D. Amadeo García Belloso, director de la escuela nacional "San Andrés", dirigía, visiblemente enorgullecido, el saludo marcial matutino. A su condición de preboste escolar unía la dignidad de comisario-secretario de la Falange en la localidad. Llevaba siempre una camisa púrpura, llamada hábito, anudada al cuello por un cordón de hilos blancos y negros entrelazados y con flecos en sus extremos. Era el distintivo de los que, habiendo rogado una intervención divina, hacían la promesa de no quitarse esa vestimenta si el Altísimo escuchaba su súplica. D. Amadeo explicaba que había realizado esta ofrenda, en julio del 36, a cambio de que España fuera liberada de las garras del estalinismo y la anarquía, aunque, en realidad, el no había hecho mucho por la causa.
Pasó toda la guerra en
Sevilla, lejos del frente, ejerciendo de ordenanza de un capitán de
intendencia, tío suyo, encargado del abasto del ejército del General Varela,
que en su marcha hacia Madrid, se encontraba en plena "guerra de
columnas" tratando de acabar con pequeñas unidades republicanas dispersas.

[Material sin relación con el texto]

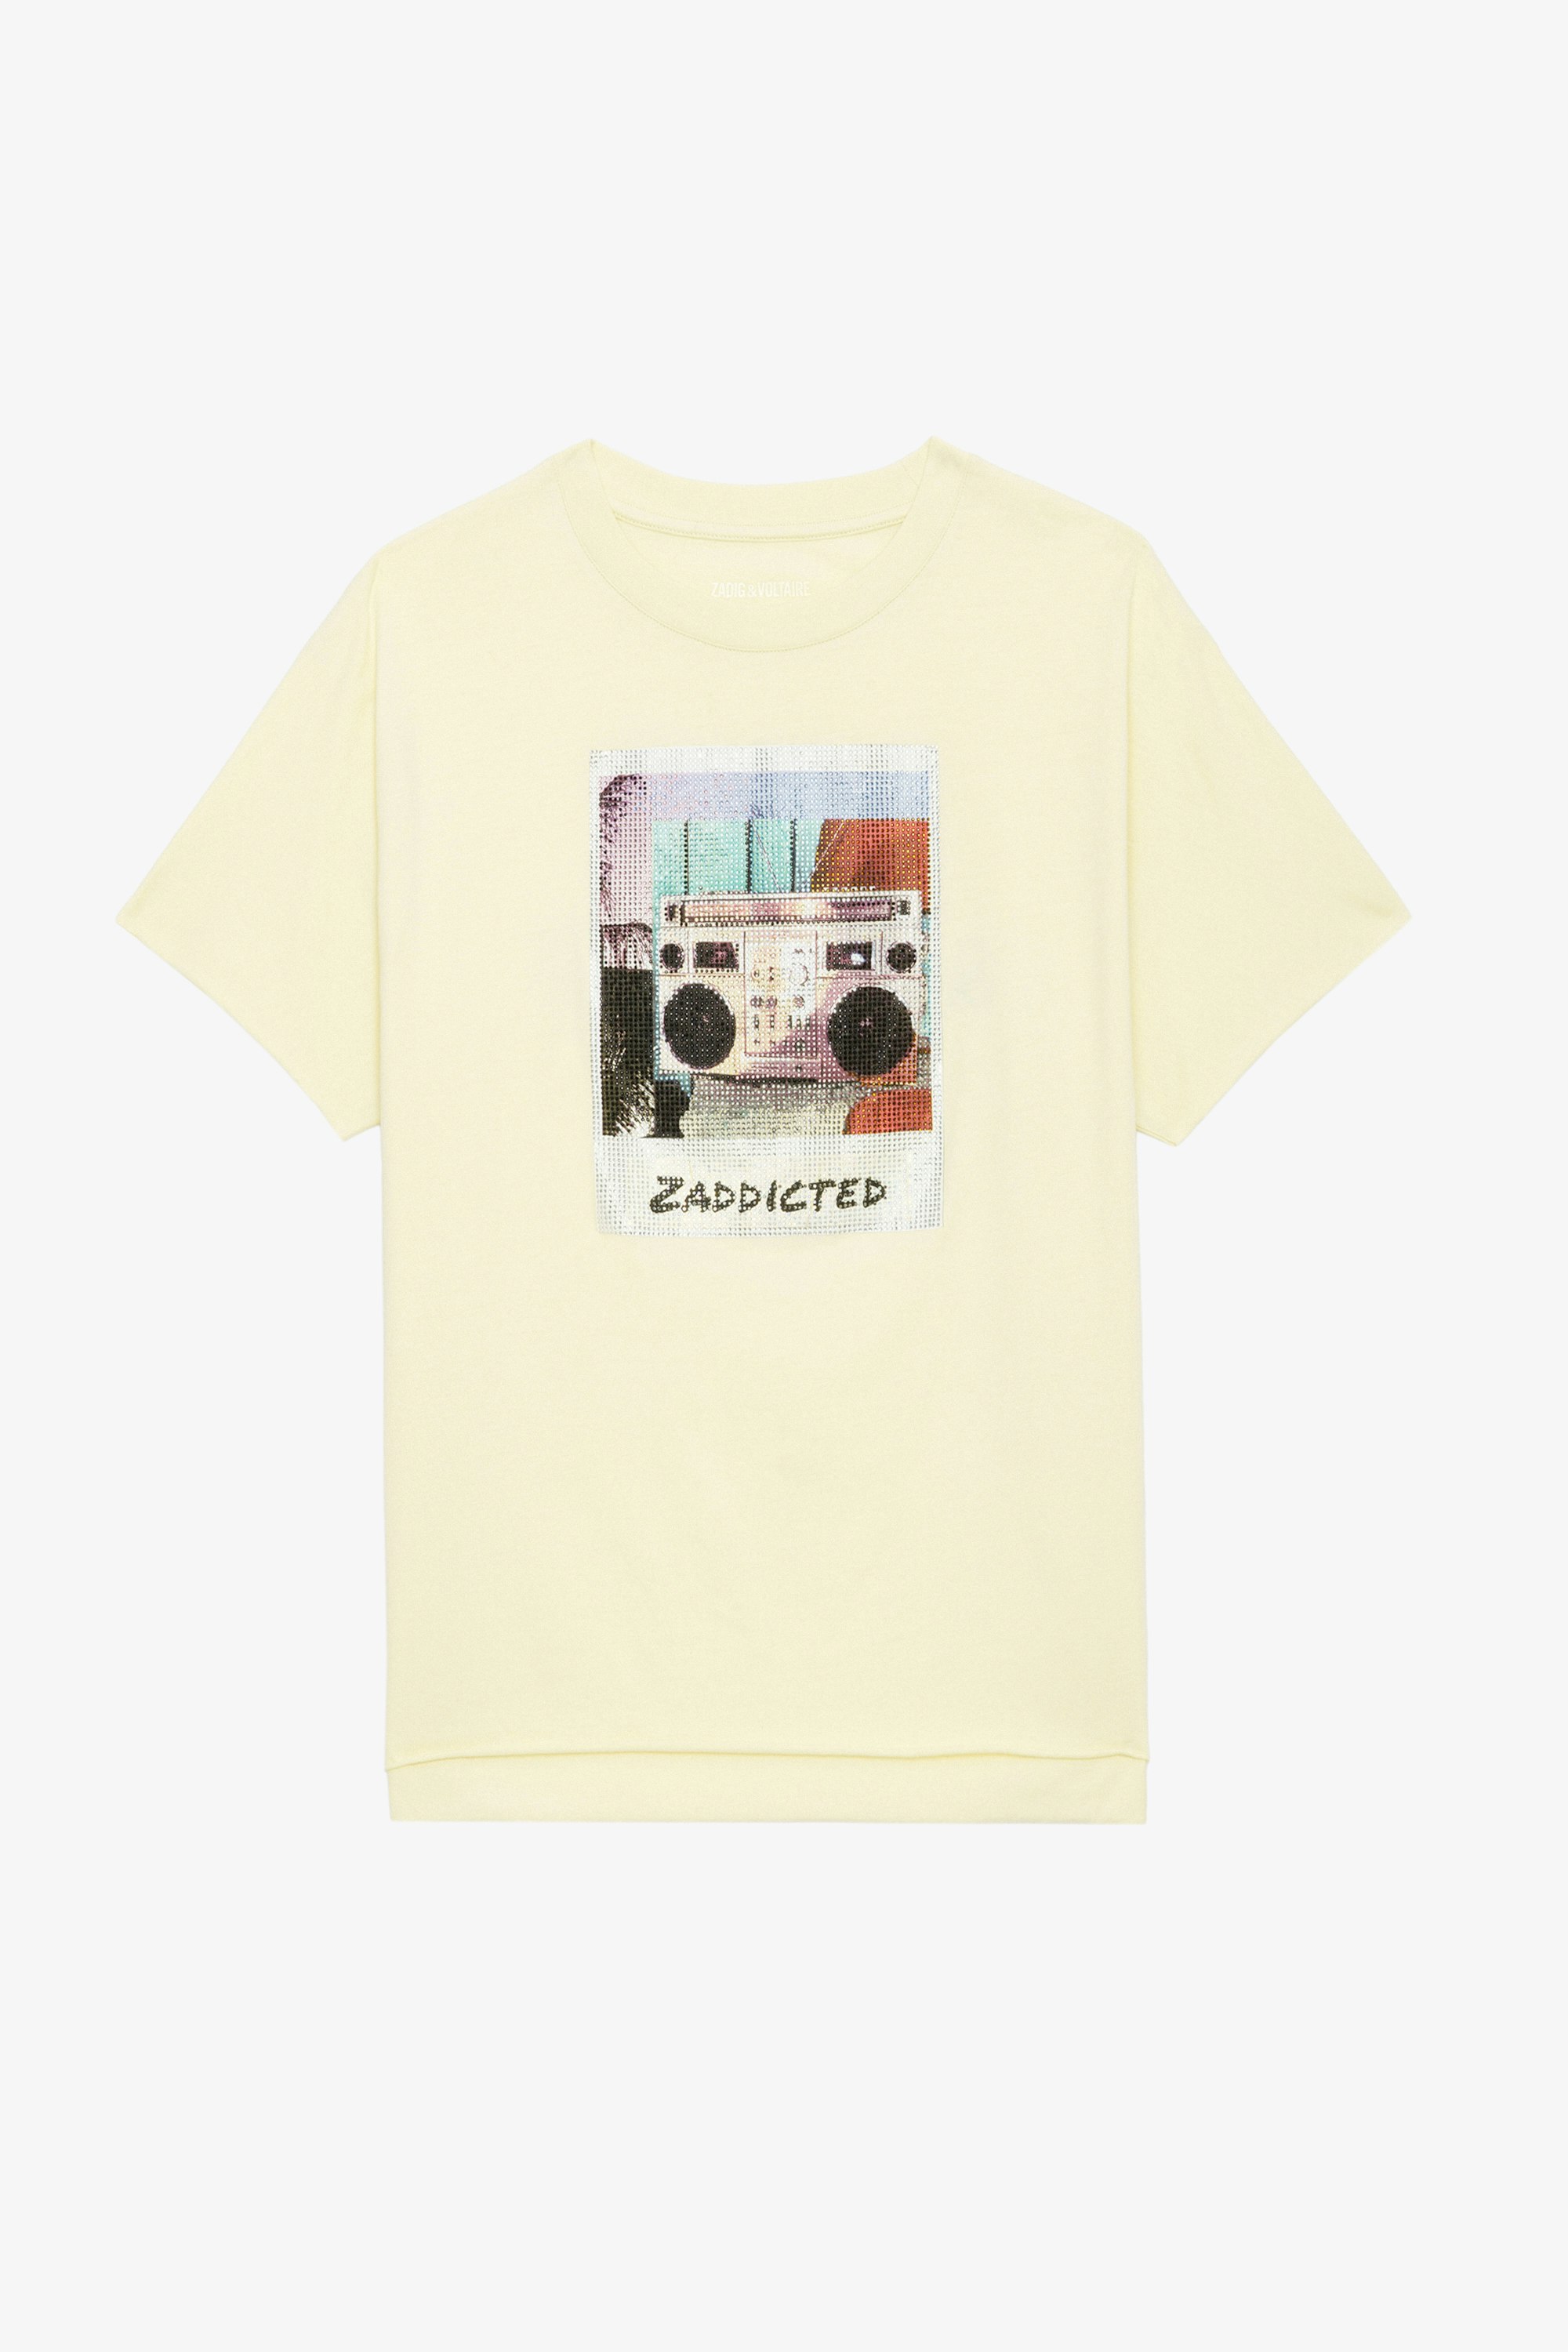 T-shirt Tommer Photoprint Strass - T-shirt en coton jaune clair à manches courtes et imprimé photoprint Ghetto Blaster à strass.

Mientras, en retaguardia, el capitán emérito encomendó a su sobrino la
exclusiva responsabilidad de que los envíos de Oporto al generalato no se
interrumpieran, trasladándose él mismo a Rosal de la Frontera cuando algún
cargamento quedaba inmovilizado por las autoridades aduaneras portuguesas, lo
cual solía solventarse aligerando algo el peso de los camiones.
La
máxima que guiaba sus acciones, y que a menudo gustaba repetirnos, era:
"El deber es lo más hermoso y el sacrificio en el intento de cumplirlo lo
más grande". El deber era hacernos buenos hombres y buenos españoles, por
ello trataba con la máxima severidad el desliz más inocente. Era partidario de
aplicar castigos colectivos incluso para faltas individuales, de este modo,
quería inculcar los sentimientos de lealtad y respeto hacia los compañeros en
la consecución de la causa común. A estos ideales apelé yo el día que una
pelota perdida rompió un cristal de su despacho, y me negué a responder a la
inquisición sobre el responsable del destrozo. Ello me costó ración doble de
palos y un mes sin salir al recreo. Don Amadeo
era todo un virtuoso en el manejo de la regla como arma de castigo,
desconozco si algún día le dió uso como instrumento de medición. Era uno de
aquellos listones de madera que marcaban 40 cm. Se alabeaba notablemente, con
la flexibilidad e inspiración de una fusta, infringiendo un considerable dolor
y enrojecimiento en la palma de la mano. Allí donde
pueden consultarse las líneas que desvelan el futuro, pero cuyos relieves y
vaguadas habían sido borrados del mapa a fuerza de golpes, como negando el
porvenir.
Pero lo peor fueron las cuatro semanas de
reclusión: ¡Cómo sufría viendo a mis amigos jugar en el patio!. Era curioso
observar cómo aquella pléyade de niños, de distinta edad pero igual desbordante
energía, se entrecruzaban atendiendo a sus actividades (la pelota, las canícas,
el churro- media manga- manga entera) sin, aparentemente, estorbarse, como un
ejército de hormigas perfectamente adiestrado que cruza sus trayectorias siguiendo
un plan previsto, como un mecanismo de relojería.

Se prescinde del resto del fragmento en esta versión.